The aspect of this card that suggests a disturbing outside influence or an “other” force having a hand in my life is bemusing to me. Most people do recognize me right away as somewhat of an intuitive and I do find that this disturbs some people at first. I think those who haven't experienced some kind of divinity find it scary, especially when the concept of divinity presented isn't in step with the culturally common mythos. I generally take this as something to be proud of, that I have access to something that is valuable and that others want/seek. It's possible, though I've missed some of the darker things people think in this regard. It's in review but I'm not ready to call it.


Three of Swords makes me think of my family too, who I know view my religion as misguided at best and doomed for failure and pain most likely. They aren't the world, but I think they hold sway over the way the tarot answer the question.


This particular card also has the inner sacred eye on the heart the three swords are piercing. It reminds me that while these perceptions are not mine and they are not the truth, they can and do effect me. When I let this static in or when it floods past my barriers I let these people get into the very soul of my being and block off my energy and connection.

Jun. 12th, 2012

Delphic Maximum #5: Be Overcome By Justice

How I read this: surrender to justice. This maximum to me is the first powerful and evocative one. I think of a tide surging over me and through me. It is capable drowning in it's depth, suddenness, and force but the water itself can also be the birthplace of life and beauty. I think of looking up into the night sky on a new moon with all of the cosmos around me and how that makes me humbled and awed. I am a small insignificant part of this beautiful vicious universe. Then I think of the idea of following justice to the fullest and it makes me feel like I'm part of this irrefutable truth—an undeniable common good that will exist beyond me and sustained merit. It's the awe of being larger and more lasting than the self as opposed to the awe of my tiny place. Both are true and divine.


My less poetic self knows that justice is a human concept and any “good” I do may be lasting but is limited to human and possibly godly perspective. The stars don't care. When I'm in a less self righteous state of mind, I'll also happily acknowledge that Truth with the capital T may not exist and something that is just for me might not be just for others. In attempting to give others justice, I may even be perpetuating the opposite.


Above all justice is hard to define in what it is, what it looks like, and in how best to create it in the world. How I can help champion justice or accept it in the case of wrong doing changes face and structure. That people deserve justice is irrefutable but what that looks like is a lot of wiggle room. I try to walk through my day with compassion and empathy. I like to think that if all of us stopped to consider or even to ask one another what we would think is fair and endeavored to provide it for one another, our world would look a great deal shinier.

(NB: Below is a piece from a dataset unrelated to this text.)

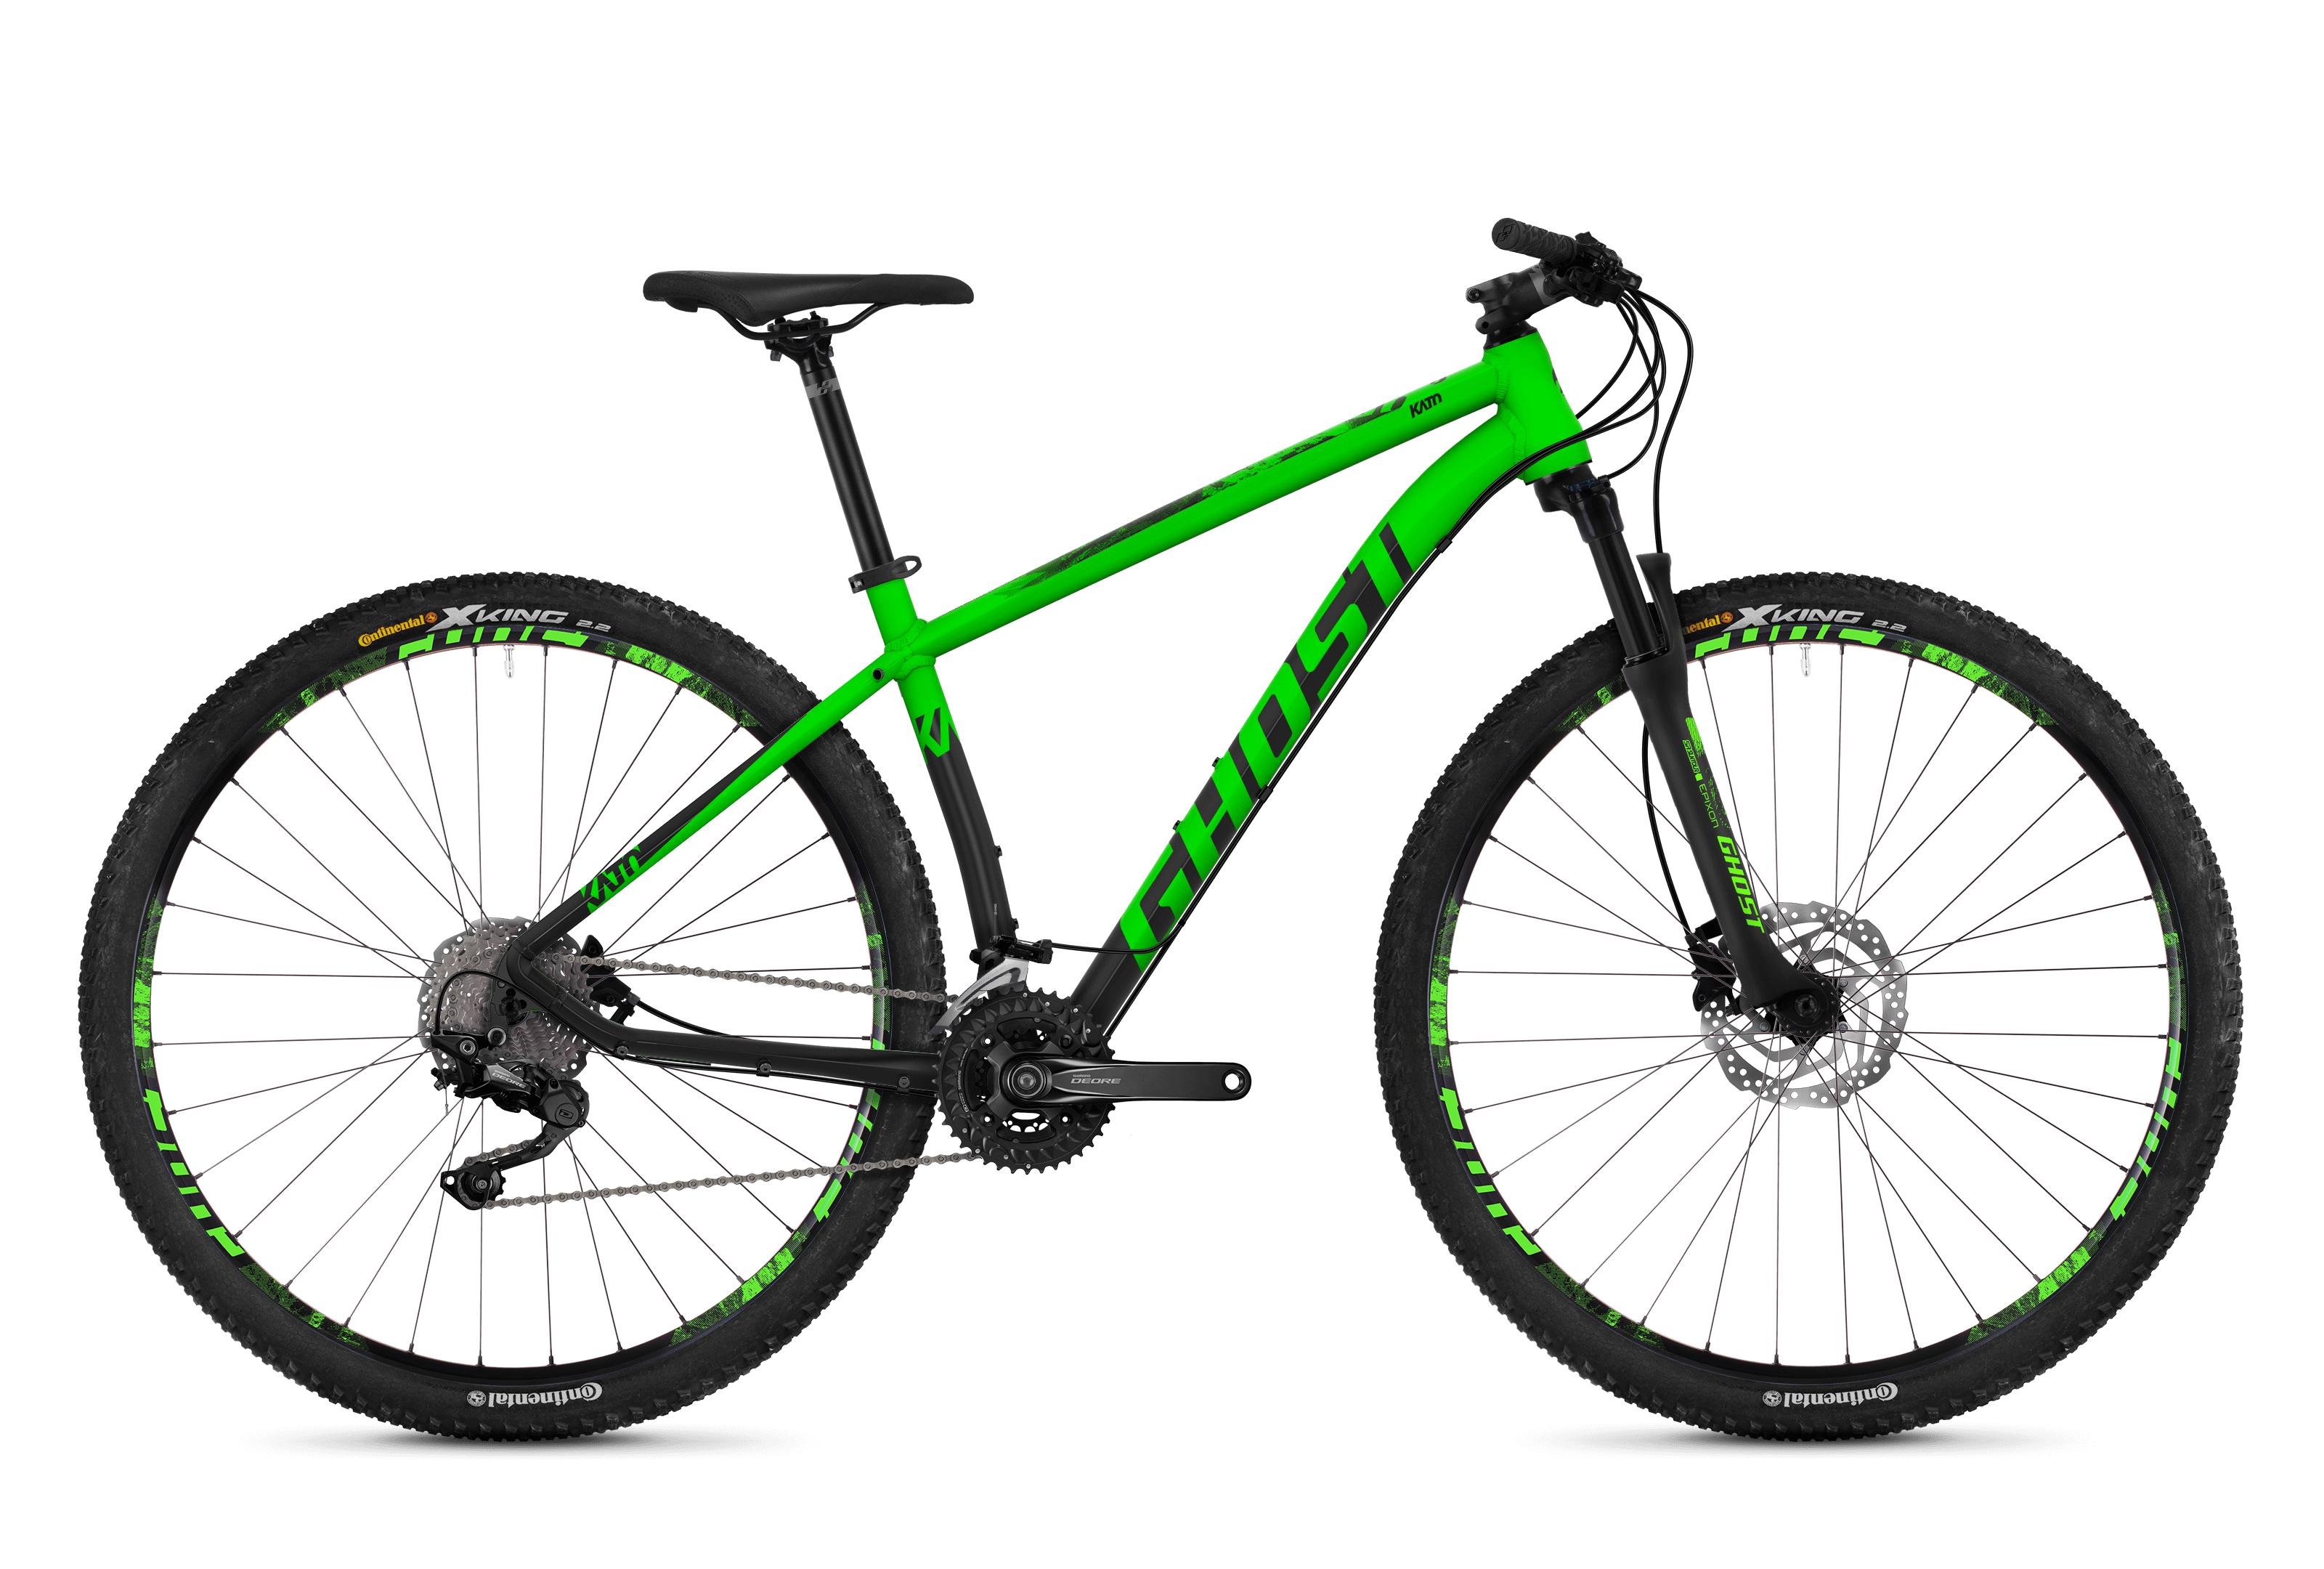 Horské kolo GHOST Kato 6.9 green / black L 2018

This seems to be against the grain of a lot of people, and I can't say I manage to be the change in the world I want to see every moment of every day, but I know what it looks like and I know I'm grateful when I receive it. Were justice a warrior and the world a battlefield, I'd surrender to justice in a heart beat and serve her in whatever manner she deems best.

Jun. 10th, 2012

Delphic Maximum #4: Respect Your Parents

I really struggled with what to write for this particular maximum. I have the benefit of following a lot of established and well written bloggers through these maximums and their answers have helped to prompt more insight than I use in my writing. I take whatever my gut gives me and write it out before I've processed all the complexities and subtleties the subject offers. Part of that is nice because it would be days before I had everything I think written down and part of it is frustrating because sometimes what should have been my main point is lost in a side tangent because it took me three pages to write the core of what I wanted to get out.


So far, everything I've written has a tone of denial or been conditional in a way that I know my mother would source as my inherent contrary nature. Any absolute offered or implied absolute, I feel required to challenge. Even thinking of what she would say to these responses, knowing she would never read them and knowing that she would never be able to get over the non-Christian nature of them to be truly critical, rankles me.

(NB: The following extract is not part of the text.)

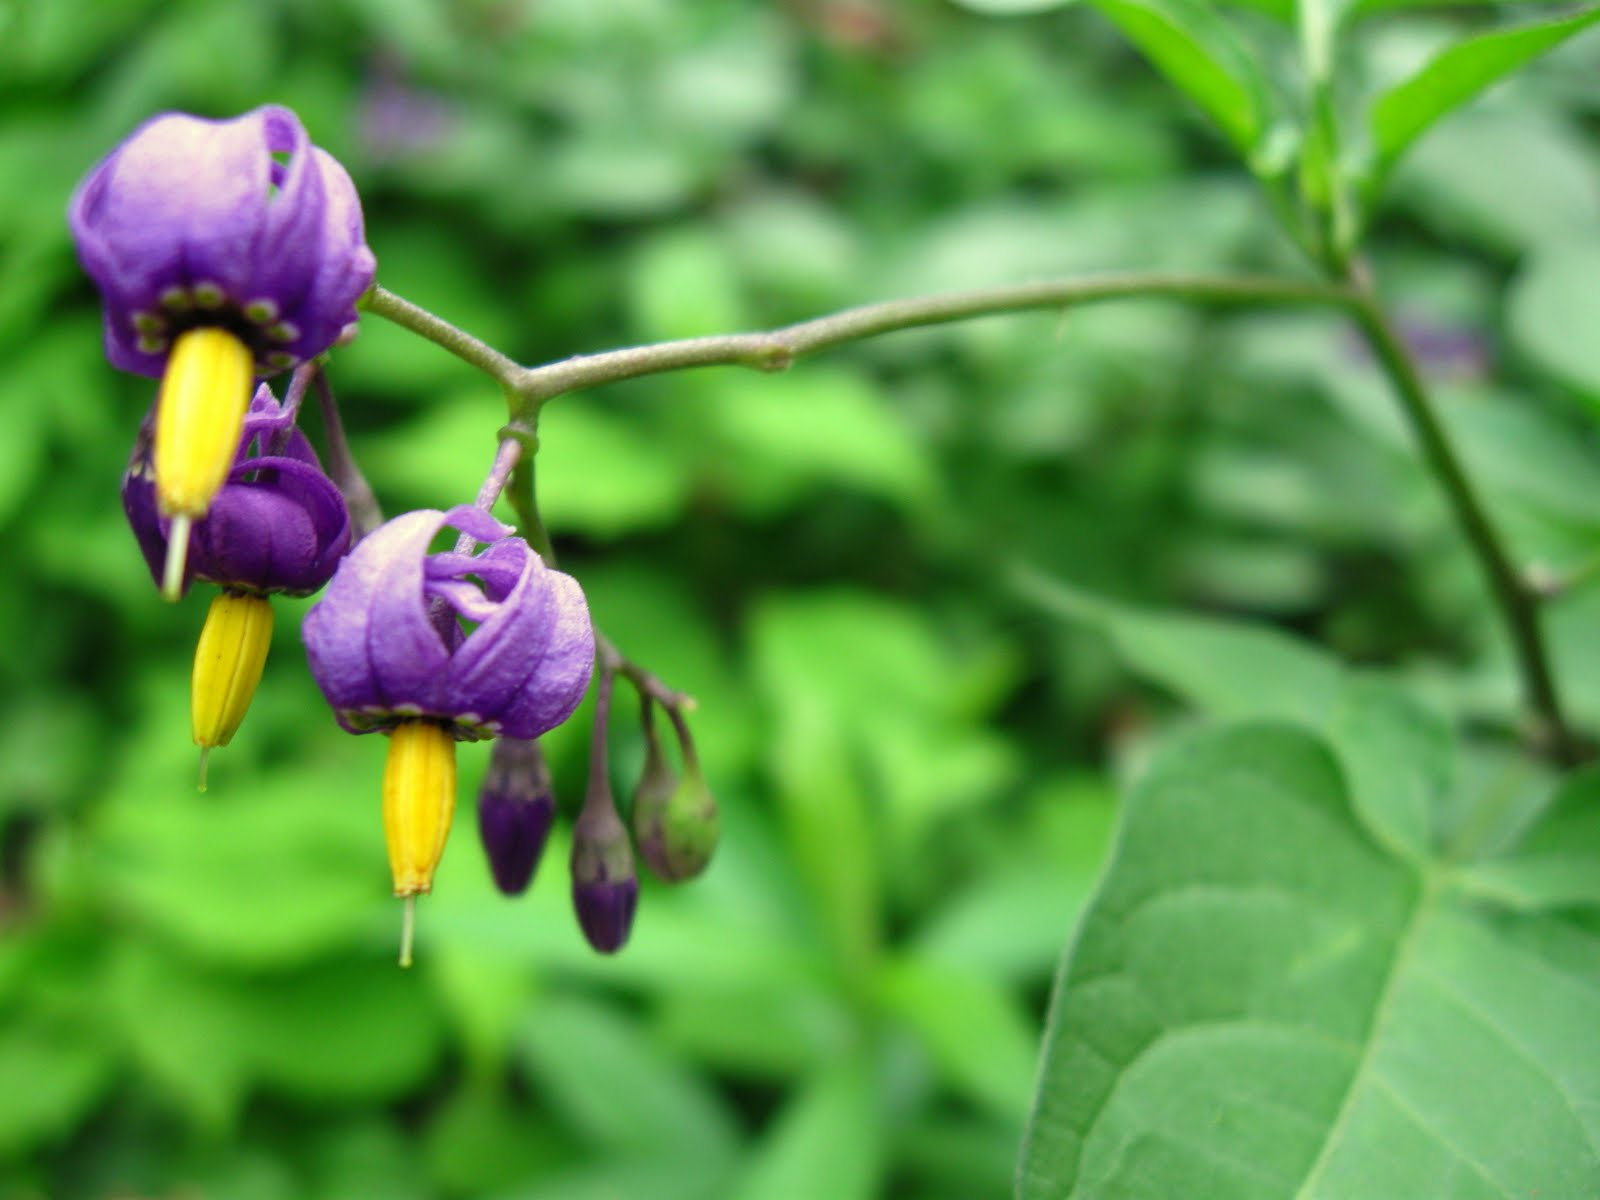 New York City Wildflowers: Bittersweet nightshade

My relationship with my parents is troubled and our primary area of stress ties to my non-Christ based faith. This stress does strain our ability to adequately display love or respect for each other.


And I do love my parents quite a bit. I want to please them and make them proud of me. I want us to agree on our standards for living and morality. I just won't do any of this at the expense of my sense of self or what's right, a strength of character than I credit entirely to my mother.


I still go to them for advice and I consider their advice heavily. It tears at me when I have to go against it, if that's the case, but it doesn't stop me from following me first. This consideration for their words and contributions should show respect. True, it is a respect I would offer anyone who gives me advice or shares their life experience with me, which makes me wonder if there is a certain quantity of respect one needs to give and if I've given my parents their fair share. Would they be insulted to know how I weight their words vs others? Do they feel slighted every time I do my own thing and does that come down to a lack of thought or respect or is it truly just a different world view? How much is enough, am I right or are they or is there some object middle ground? It's heart breaking for me and I wonder how many others feel this way in a quite corner of the world where they don't voice it.


I do think most people world over want to respect their parents and elders. We argue over what that means. We all want to assert that we value this without thinking about it and we want to assert that we do respect our parents. I know I am hurt by the idea that I don't respect my parents adequately but in the same moment I am hurt by the concept that I must follow their path or there is no true respect or understanding between us.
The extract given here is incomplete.